WASHINGTON -- U.S. President Barack Obama said Tuesday it was time for Americans to "turn the page" on years of economic troubles, terrorism and lengthy wars, using his sixth State of the Union speech to outline new tax policies that would hit the wealthiest Americans and give breaks to the middle class.

Obama spoke to a Congress controlled in both houses by opposition Republicans for the first time in his presidency. But the policies the president called for suggested that he had no plans to curtail his own agenda in favour of Republican priorities.

"It's now up to us to choose who we want to be over the next fifteen years, and for decades to come," Obama said.

The 2016 presidential election loomed over Obama's next-to-last State of the Union address, a speech to Congress and a national television audience focussing on his bid to use tax policy to ease the economic woes of beleaguered low-income Americans and the country's shrinking middle class.

Obama's speech proposed increased tax rates for wealthy Americans with much of the new revenue earmarked for measures to benefit low- and middle-income earners who have seen wages stagnate for years. While he made a bold proposal, tax-averse Republicans are unlikely to act on the president's plan.

But Obama used one of his biggest platforms, a speech that was nationally televised to tens of millions of Americans on Tuesday evening, to highlight the issue of growing economic inequality, a critical marker for the next presidential campaign.

"Will we accept an economy where only a few of us do spectacularly well?" Obama asked in the excerpts of the speech released by the White House. "Or will we commit ourselves to an economy that generates rising incomes and chances for everyone who makes the effort?"

Answering his own question, Obama said: "So the verdict is clear. Middle-class economics works. Expanding opportunity works. And these policies will continue to work, as long as politics don't get in the way."

The Republicans were quick to respond.

"Americans have been hurting, but when we demanded solutions, too often Washington responded with the same stale mindset that led to failed policies like Obamacare," said new Iowa Sen. Joni Ernst, referring to Obama's health care overhaul. Her remarks were released ahead of delivery in the Republican response. "It's a mindset that gave us political talking points, not serious solutions."

The president came out of his party's bruising November election losses with a surprising burst of activity and a bump in approval ratings. He has already vowed to veto seven legislative measures that are coming out of the new Republican-controlled Congress -- measures ranging from approving the construction of the Keystone XL oil pipeline from Canada to the U.S. Gulf coast to an effort to hobble his health care overhaul to budget actions that would undo his executive actions on immigration reform.

While the economy was expected to dominate the president's address, he also promoted his recent decision to normalize diplomatic relations with Cuba and asked for a new congressional approval and funding for the military campaign against the Islamic State group in Iraq and Syria.
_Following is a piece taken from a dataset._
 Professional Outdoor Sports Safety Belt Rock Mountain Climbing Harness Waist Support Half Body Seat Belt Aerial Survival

"I call on this Congress to show the world that we are united in this mission by passing a resolution to authorize the use of force against ISIL," Obama said, referring to the Islamic State group.
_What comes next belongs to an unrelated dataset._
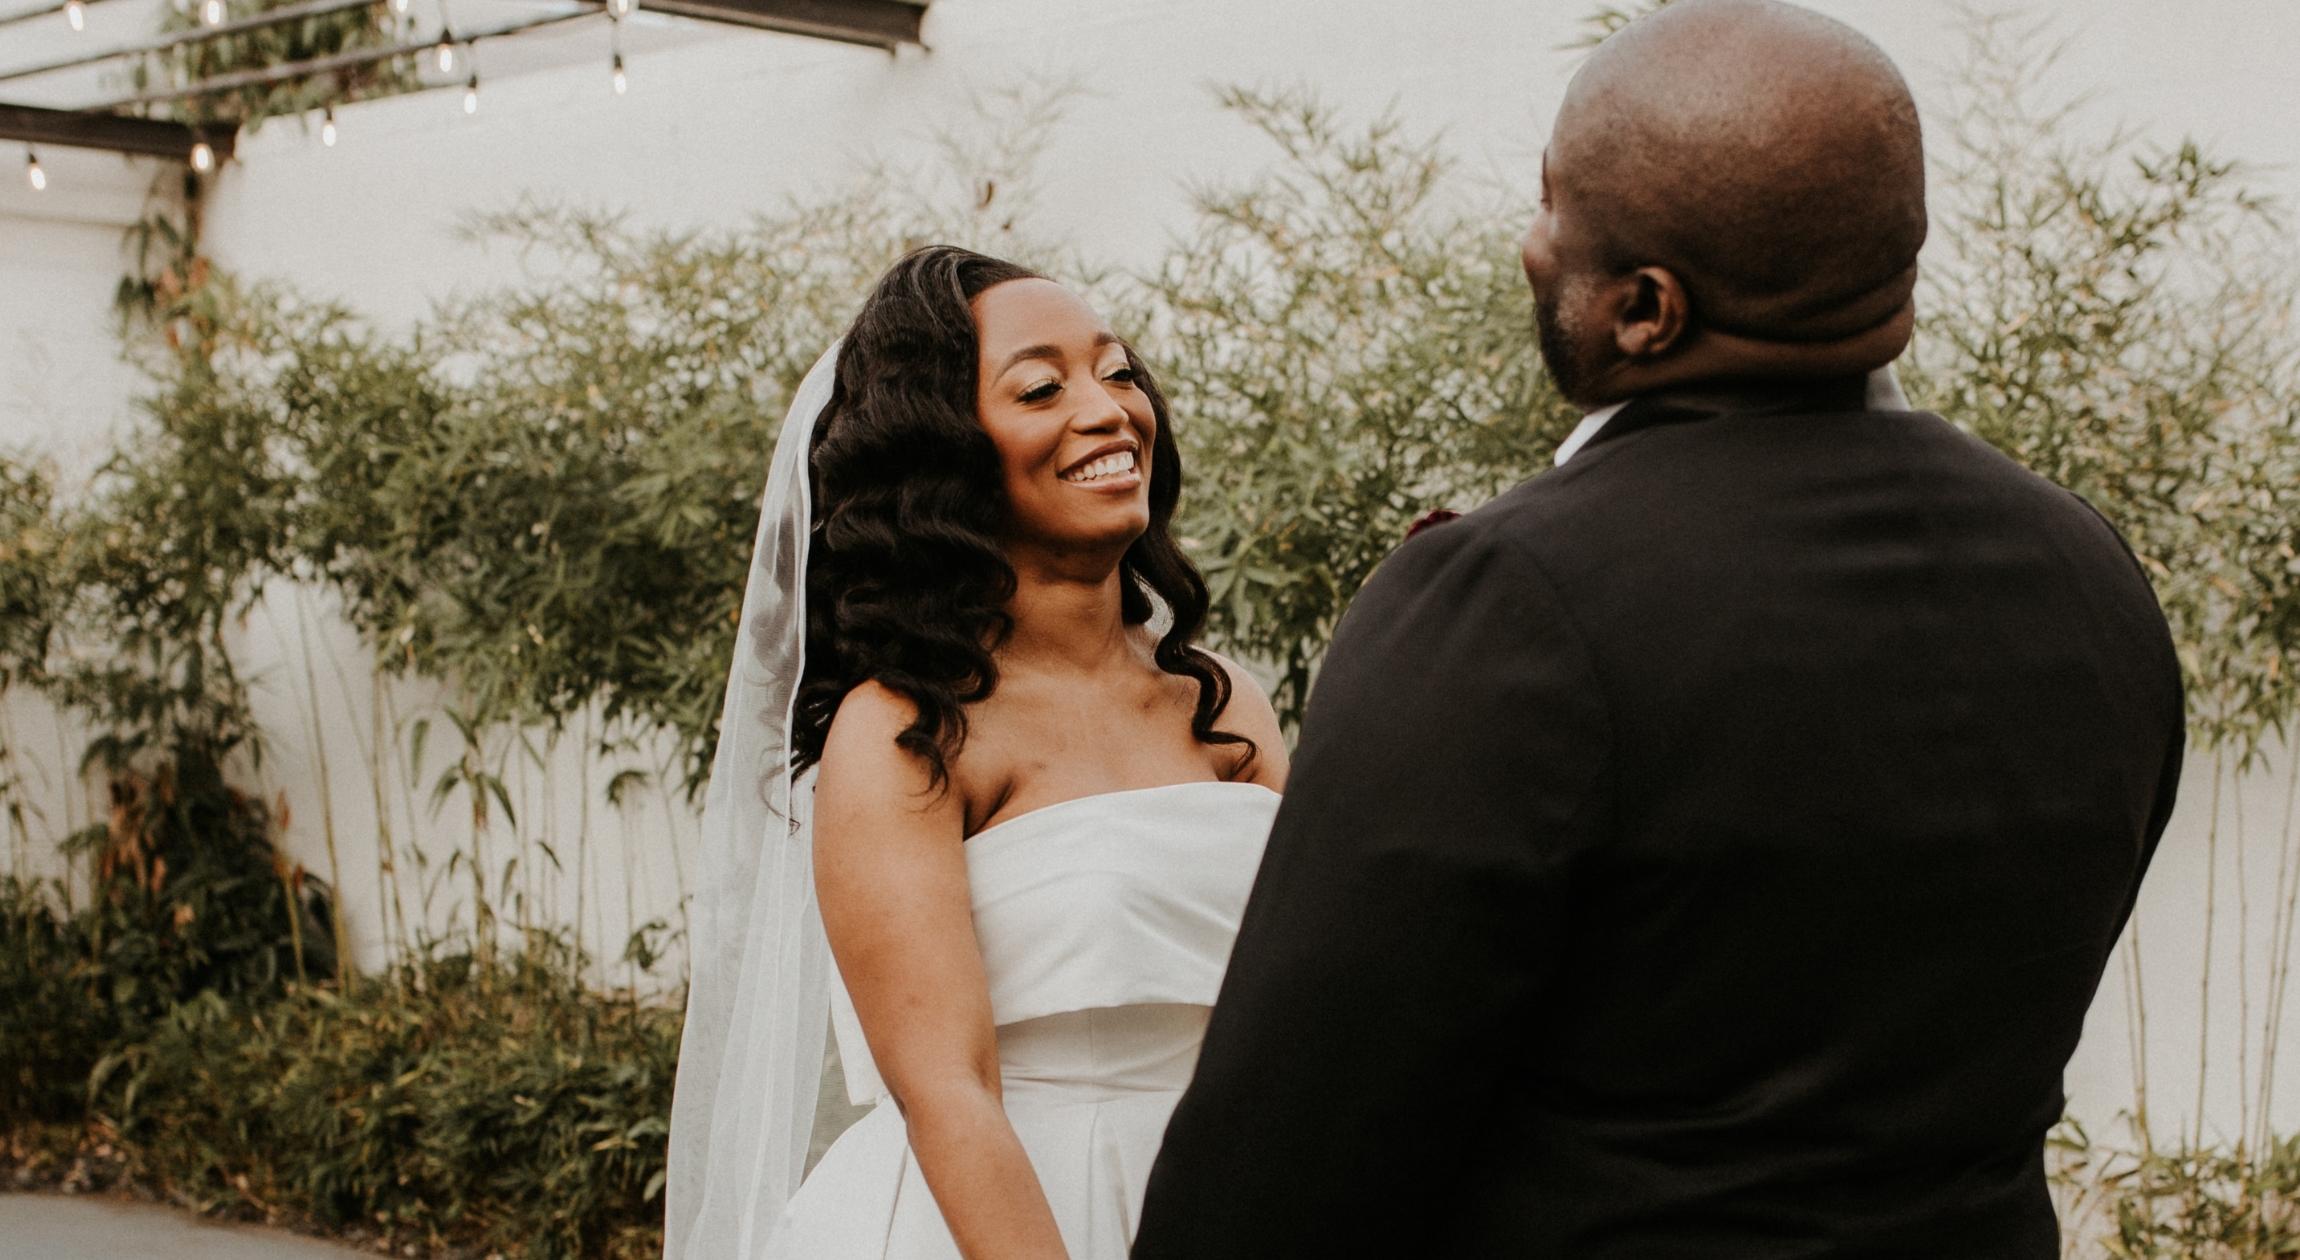 A Black bride smiling facing a Black groom

While Republicans won't pass the new tax measures, Obama is putting them in the unappealing spot of blocking measures that would offer broad economic benefits to the middle class. Obama has a strong argument in that the U.S. economy is on course for a robust recovery from the Great Recession but most of the benefits have not found their way to middle America. Obama looks ready to continue the partisan battle with Republicans that dominated all but the first year of his presidency.

Regardless of the reticence of congressional Republicans to put a bigger tax bite on the wealthy, potential Republican presidential candidates Jeb Bush and Mitt Romney already are talking openly about income inequality and the need to give lower-earning Americans more opportunities.